PyTorch / XLA is now Generally Available on Google Cloud TPUs

Published in

PyTorch

5 min readSep 29, 2020

Authors: Ailing Zhang (FB), Joe Spisak (FB), Geeta Chauhan (FB), Vaibhav Singh (Google), Isaack Karanja (Google)

The PyTorch-TPU project was announced at the PyTorch Developer conference 2019 and originated from a collaboration among engineers and researchers at Facebook, Google, and Salesforce Research. The overarching goal of the project was to make it as easy as possible for the PyTorch community to leverage the high performance capabilities that Cloud TPUs offer while maintaining the dynamic PyTorch user experience. To enable this workflow, the team created PyTorch / XLA, a package that lets PyTorch connect to Cloud TPUs and use TPU cores as devices. Additionally and as part of the project, Colab enabled PyTorch / XLA support on Cloud TPUs. Fast forward to September 2020, and the PyTorch / XLA library has reached general availability (GA) on Google Cloud and supports a broad set of entry points for developers. It also has a fast-growing community of researchers and enterprise users training a wide range of models accelerated with Cloud TPUs and Cloud TPU Pods including researchers and engineers at MIT, Salesforce Research, Allen AI and elsewhere.

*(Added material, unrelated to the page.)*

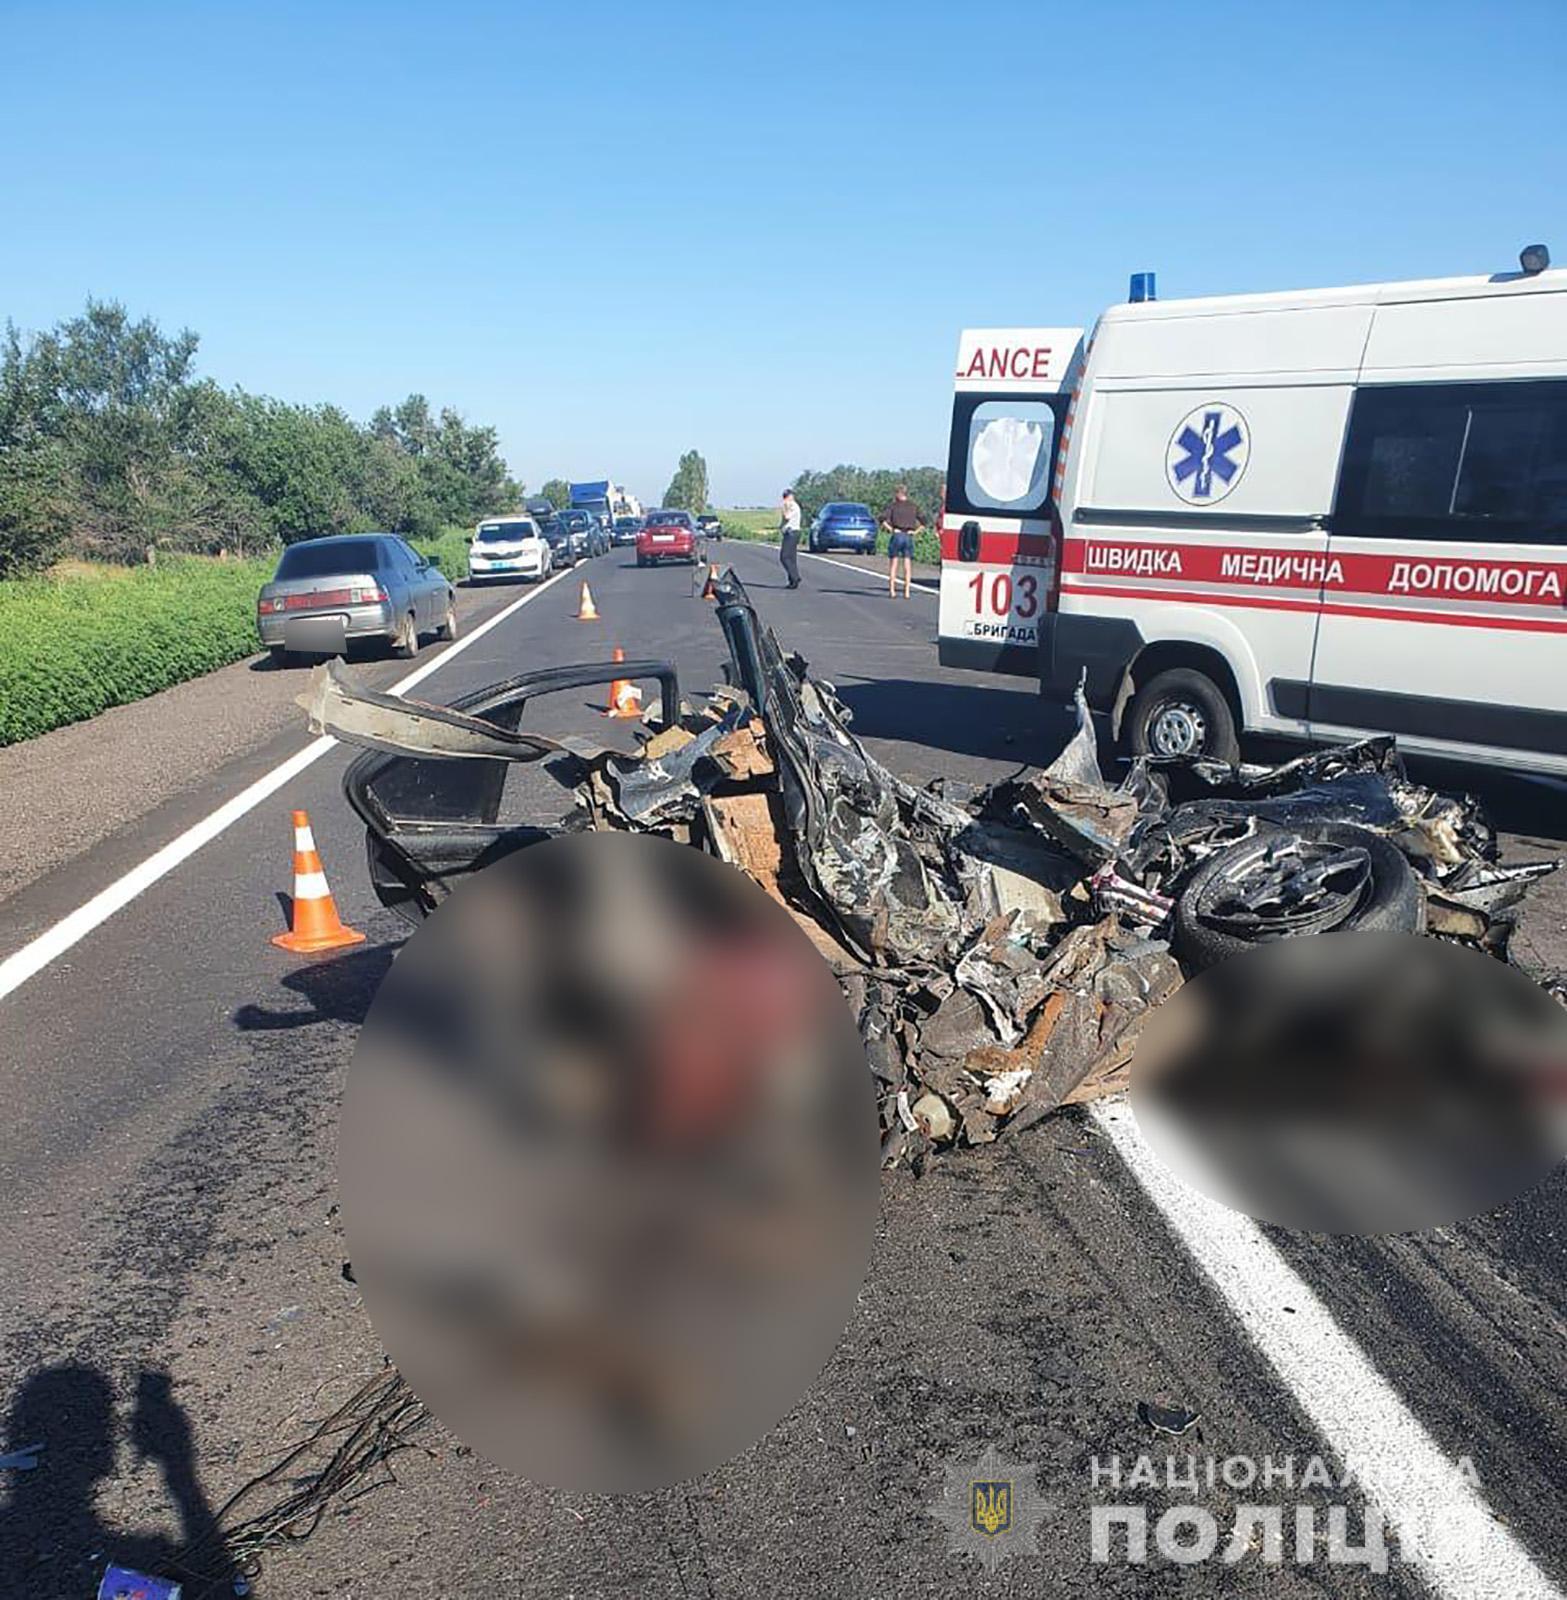 В ДТП на Запорожье погибли 4 человека
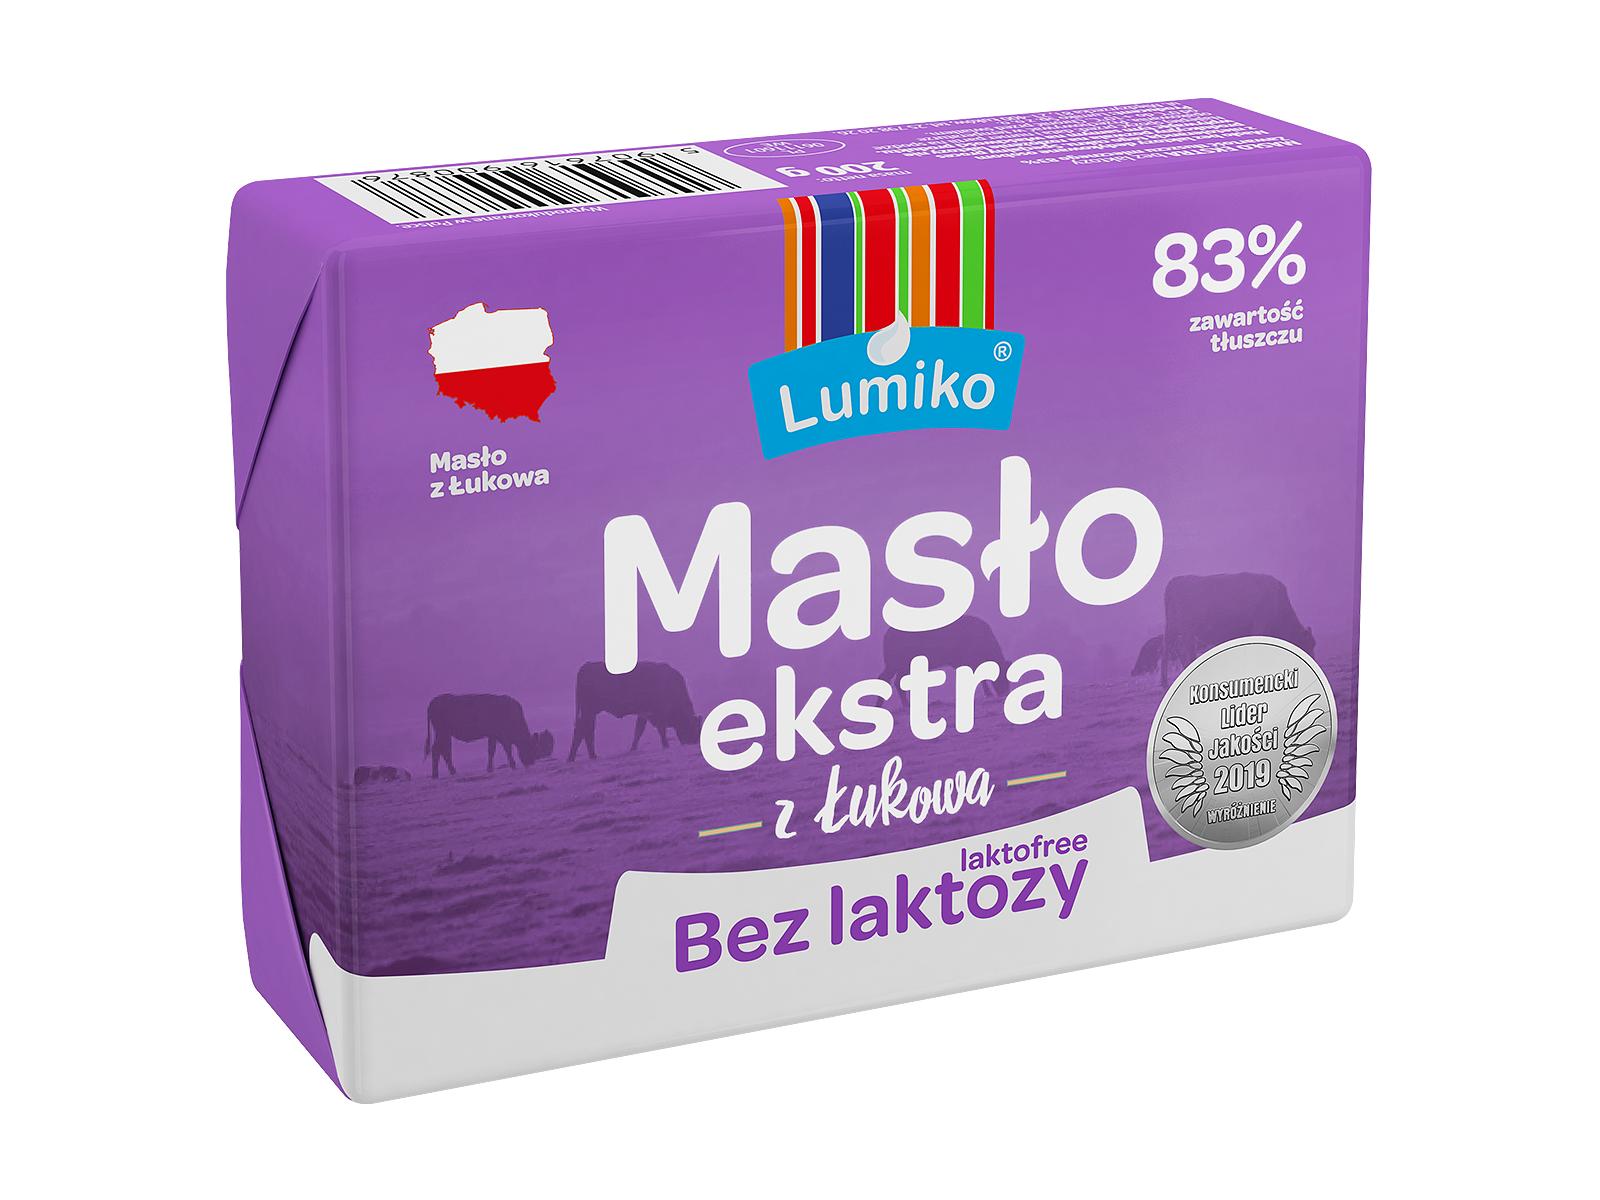 LUMIKO_maslo2_bez_laktozy

PyTorch Developer Conference 2019 | PyTorch on Google Cloud TPUs — Google, Salesforce, Facebook

What’s new for the GA release?

With PyTorch / XLA GA, PyTorch 1.6 is officially supported on Cloud TPUs. Other notable new features include:

Support for Intra-Layer Model Parallelism: All-Reduce operation can now be performed with multiple operation types and groups. More communication primitives have been added to enable interesting applications such as distributing large embedding tables over multiple TPU cores;
Additional XLA ops: As PyTorch / XLA usage grew across an ever-widening range of new models, users asked PyTorch ops to be mapped to XLA, and we responded. Since the beta (1.5) release, we have incorporated XLA lowerings for replication_pad1d, replication_pad2d, max_unpool2d, max_unpool3d, and other ops;
Better Experience in Colab / Kaggle Notebooks: Now you no longer need to run the env-setup.py script on Colab / Kaggle before you start training; and
Support within Deep Learning VM Images: Google Cloud Platform provides a set of Deep Learning Virtual Machine (DLVM) images that include everything you need to get started with various deep learning frameworks, including PyTorch. PyTorch / XLA 1.6 is now pre-installed in DLVM and optimized for Cloud TPUs. The official PyTorch 1.6 is also pre-installed in the same Conda environment. Follow this user guide to get started.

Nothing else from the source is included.